Hey all - new to the site but Im finding it really useful... Just bought a Ducato based Ace Firenze - and looking to take the waterski boat away for a few days testing of the boat and MH. Im looking for a campsite next to a lake that Ican waterski on - anyone got any ideas ???

Regards to Ya'll

Jon


----------



## Pusser (May 9, 2005)

jonnowycombe said:


> Hey all - new to the site but Im finding it really useful... Just bought a Ducato based Ace Firenze - and looking to take the waterski boat away for a few days testing of the boat and MH. Im looking for a campsite next to a lake that Ican waterski on - anyone got any ideas ???
> 
> Regards to Ya'll
> 
> Jon


Welcome. I presume you are talking UK only for a try out or are you prepared to leg it over to France where you will be spoilt for lakes


----------



## 100109 (Jul 19, 2006)

i have never been but planning to http://www.prwb.net/tallington/index.php?id=26


----------



## jonnowycombe (Mar 2, 2007)

Pusser said:


> jonnowycombe said:
> 
> 
> > Hey all - new to the site but Im finding it really useful... Just bought a Ducato based Ace Firenze - and looking to take the waterski boat away for a few days testing of the boat and MH. Im looking for a campsite next to a lake that Ican waterski on - anyone got any ideas ???
> ...


I shall start in the UK - that way when it all goes wrong I can come home and PM you all on how to cope with overflowing toilet, cold showers, lack of heating, bad cooking and getting drunk and forgetting which MH was mine in the campsite....

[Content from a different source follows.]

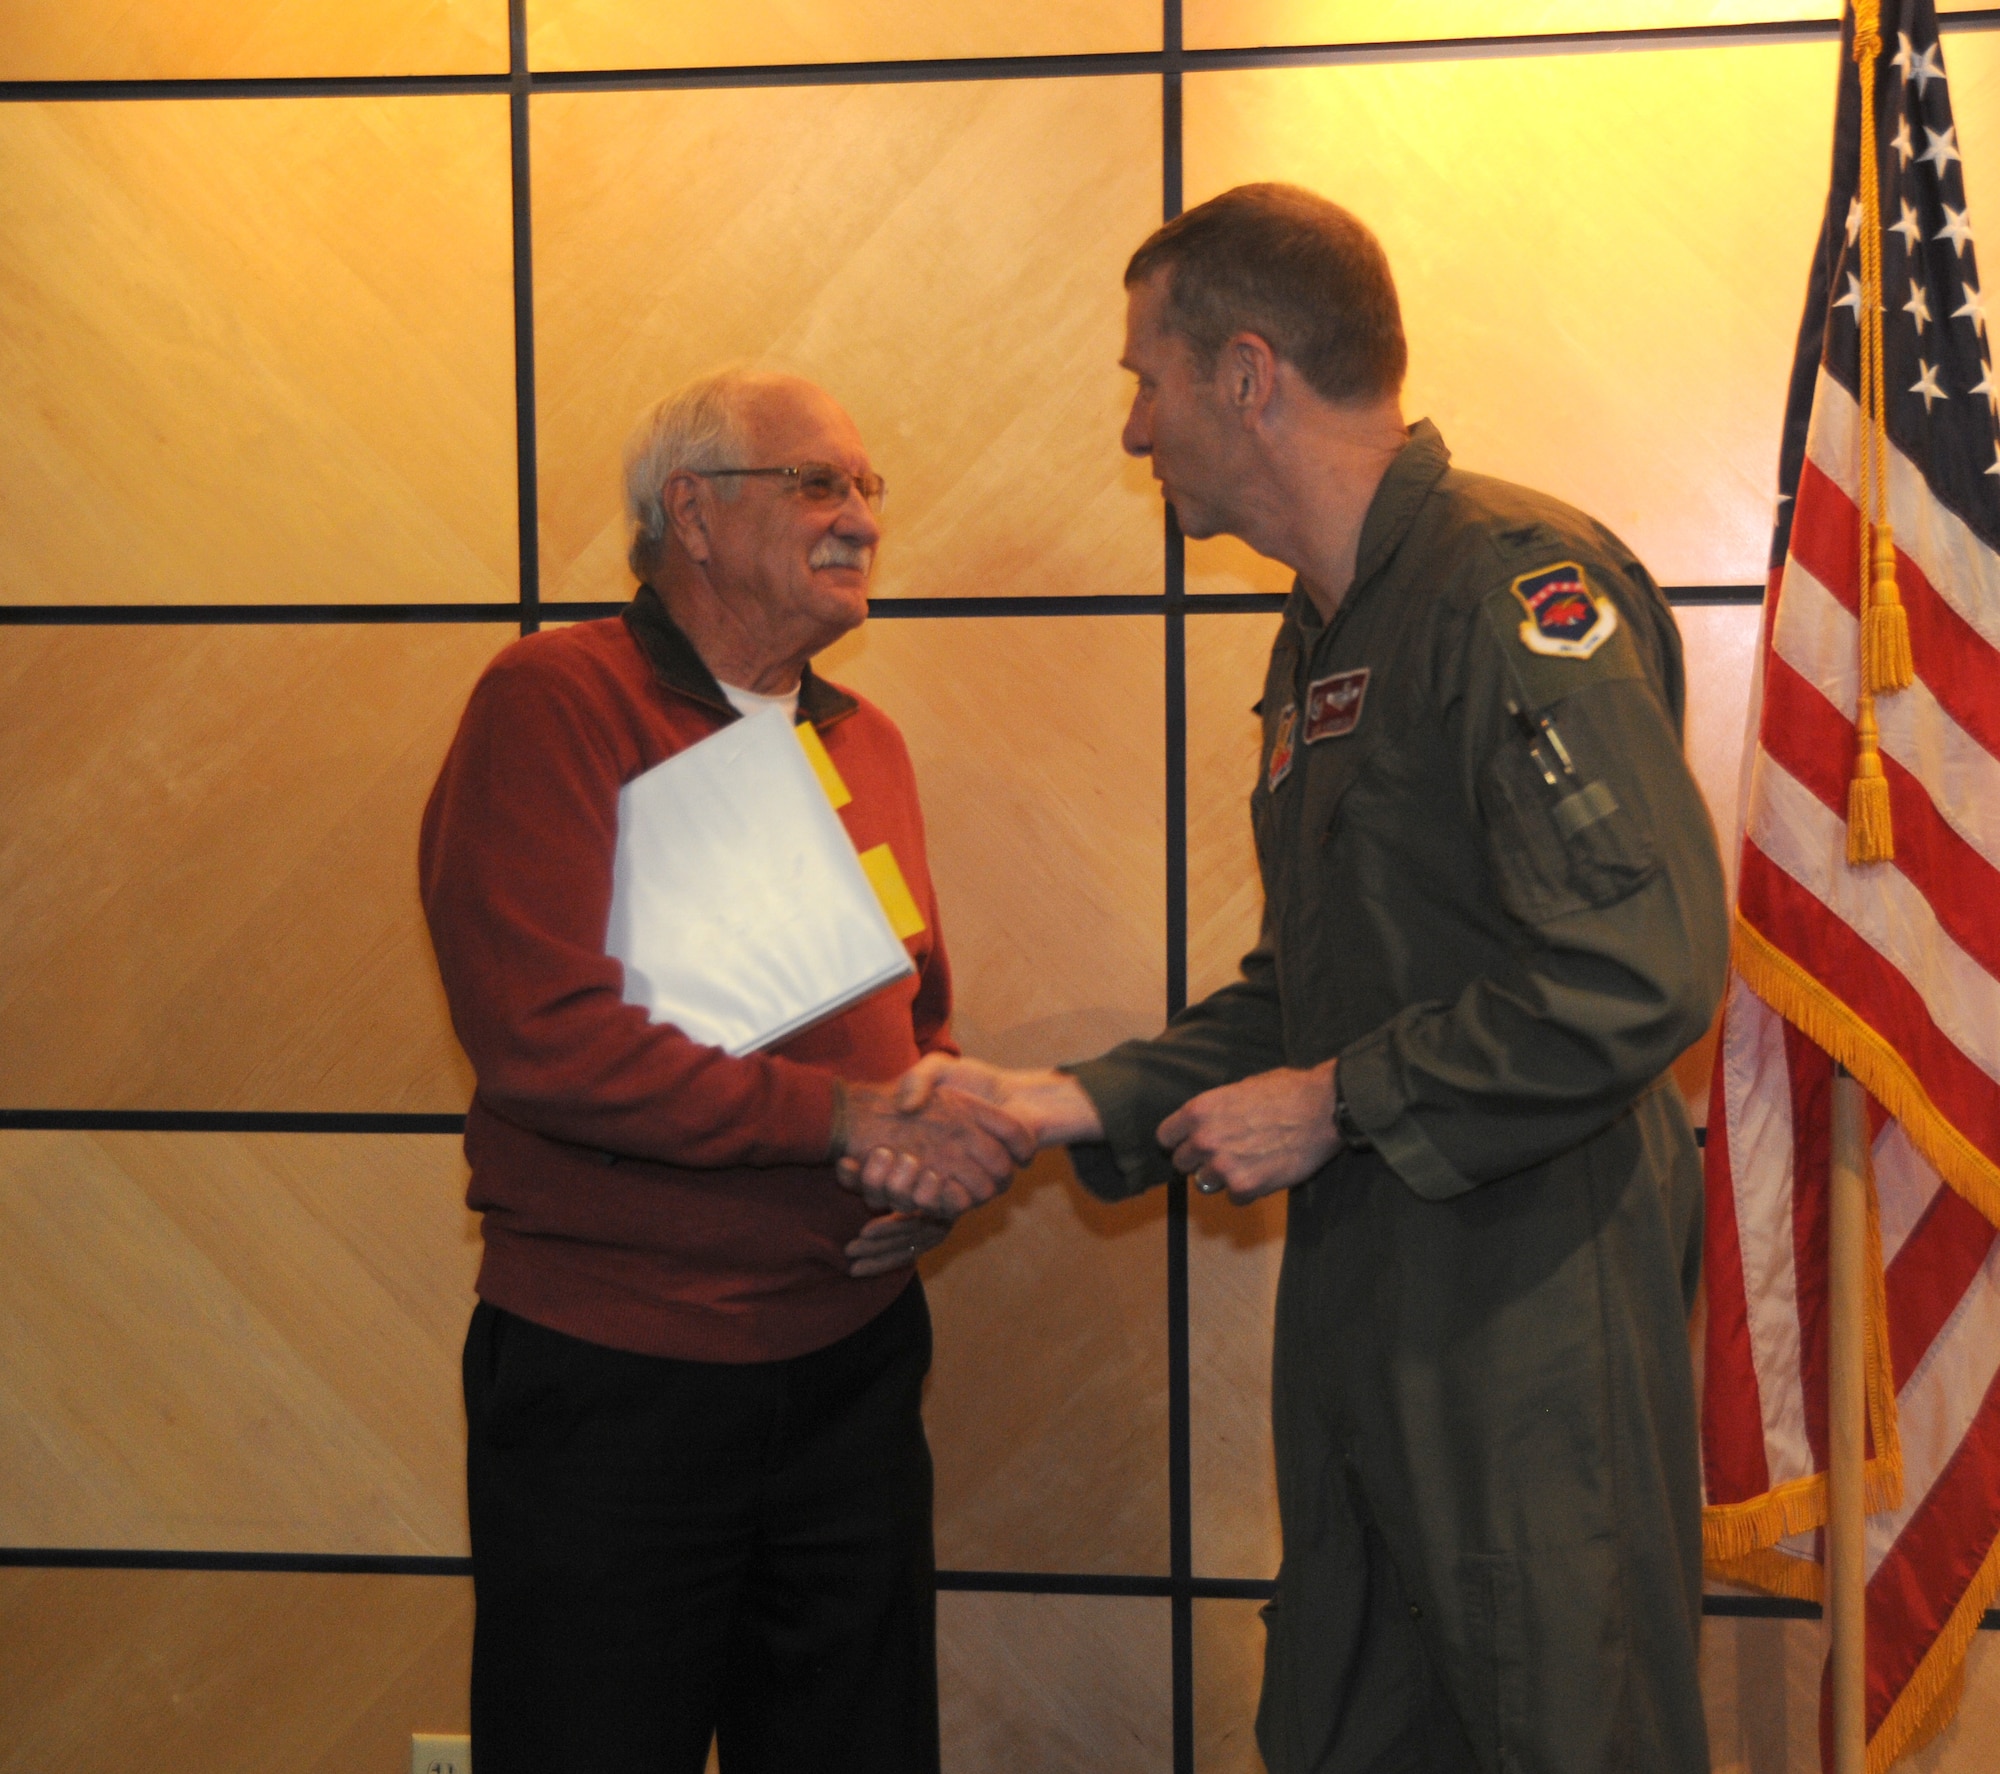 Col. Mark Anderson, 188th Wing commander, presents Mr. Larry Brown with a coin at Ebbing Air National Guard Base, Fort Smith, Ark., Jan. 9, 2015. Brown spoke to the service members about his son, U.S. Navy SEAL Adam Brown, whose story was made famous in the book "Fearless" by Eric Blehm. The book was written after his son made the ultimate sacrifice in support of Operation Enduring Freedom. (U.S. Air National Guard photo by Airman 1st Class Cody Martin/released)

Thanks though ! Will do abroad in the summer !


----------



## peedee (May 10, 2005)

Cosgrove Leisure Park

Billing Aquadrome

peedee


----------



## 93986 (May 1, 2005)

some useful locations, but a few seem to be restricted to the residential/home owners at them and not open to transient weekenders.

anyone know of 'open weekends' sites for us boat and van owners !

Mark


----------



## clodhopper2006 (Aug 13, 2006)

How about Luss On Loch Lomond?


----------



## Sparrow (May 10, 2005)

*Site by lake*

Jon 
I think Pentney Lakes is open to all comers.
http://www.pentneylakes.co.uk/
The site is about 5 miles from Kings Lynn.
Good luck.
Mike


----------



## takeaflight (May 9, 2005)

Theres a CC site in the lakes thats situated on the banks of Conniston.


----------



## 88870 (May 10, 2005)

Tallington lakes that was mentioned earlier is definitely open to tourers.

It is just up the road from here and we go there regularly - never camped there though.


----------



## mangothemadmonk (Aug 6, 2006)

There are speed restrictions on most if not all waters in the Lake District :x :x :x :x :x :x :x 

Oh and a little quiz question.....

How many Lakes are there in the Lake District :?: 

Johnny F


----------



## mangothemadmonk (Aug 6, 2006)

Only one.......

Bassenthwaite Lake (formerly known as Broad Water)

Johnny F


----------